I’ll be at the Charlotte Regional Farmers’ Market tomorrow until 1 with:
sweet corn! Only 60 dozen ears, because organic corn can get wormy and not everyone is game. They’re just in the tip usually, so chopping about 1-2 inches off the tips takes care of it.
I have lots of tomatoes: Bloody Butcher, Sungold, Brandywine, Cherokee Purple, Giant Belgium, Azoychka Russian, Limmony, Kellogg’s Breakfast, Persimmon and more. 4 kinds of potatoes: German Butterball, Carola, peppermint and Huckleberry Gold; okra, 3 kinds of onions: sweet, red and cipollini; cauliflower and a couple cabbages. Cucumbers: minis, Asian and slicers.
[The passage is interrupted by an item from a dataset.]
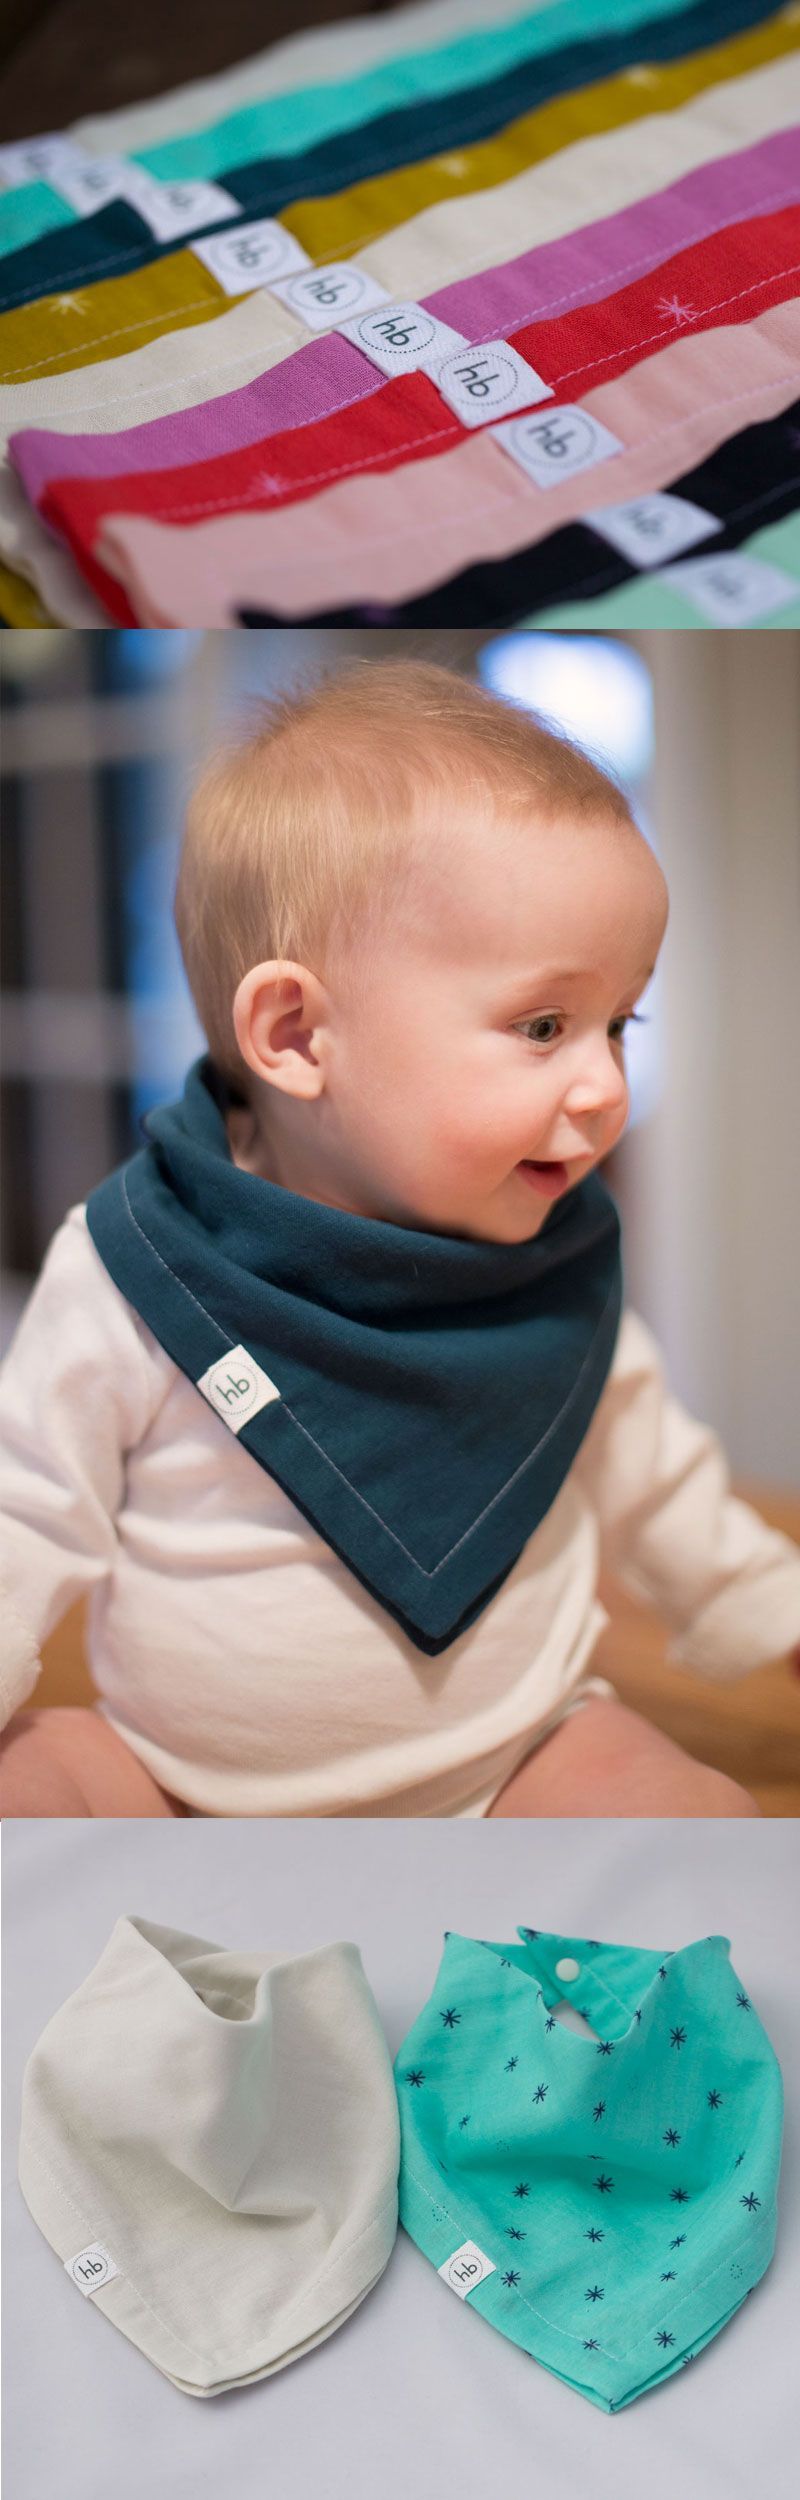 Ollie Bandana Drool Bib | Hemming Birds Boutique Soft, absorbent, stylish.  Gender neutral colors included.  Makes a great unique

Lemon squash, kale, garlic, sweet potatoes, wheat berries.
Our grass fed, grass finished, Angus beef in these cuts: whole ribeye and strip loins, ribeyes, NY strips, filets, sirloins, flank, skirt, flat irons, ground beef, stew beef, philly steak, cube steak, oso bucco, short ribs, brisket, soup bones, liver, sirloin tip roasts, eye of round and bone-in chuck roasts, and hot dogs and andouille sausage made from 100% grass fed beef without any nitrates/nitrites. We have marrow bones and oxtail tomorrow.
Soup bones are still BOGO 50% off.
Yum, this is so delicious. Raw corn, red onion, cherry tomatoes, avocado – lots of salt and pepper, and smoked paprika.
NOT FRIENDS. tomato hornworm.
Just got back from girl’s vacay late Tuesday night. Wendy’s honey got us a serious hook-up with a free room and most of our food. Who can say no to that?? We went on 2 sailing excursions! So fun. So beautiful. So peaceful.
We ate some amazing food in Charleston and Folly but it’s not too hard coming home to this amazing food either.
So hungry. Starving. I had to go to town earlier and I was so famished I ate 16 curiously strong peppermint altoids on the way. Then I texted Shane on the way home and said Pleeeeeeez come home and make margaritas and steak tacos with grilled cipollini onions and guacamole and homemade salsa and use the Bloody Butchers for it and the spicy red onions!!!!!
He’s been hauling straw bales out of the fields for DAYS but when I got home he was already in the kitchen. He makes the best guac but his margaritas are like POWZA!! way too strong for someone who can’t hold their liqour, like me.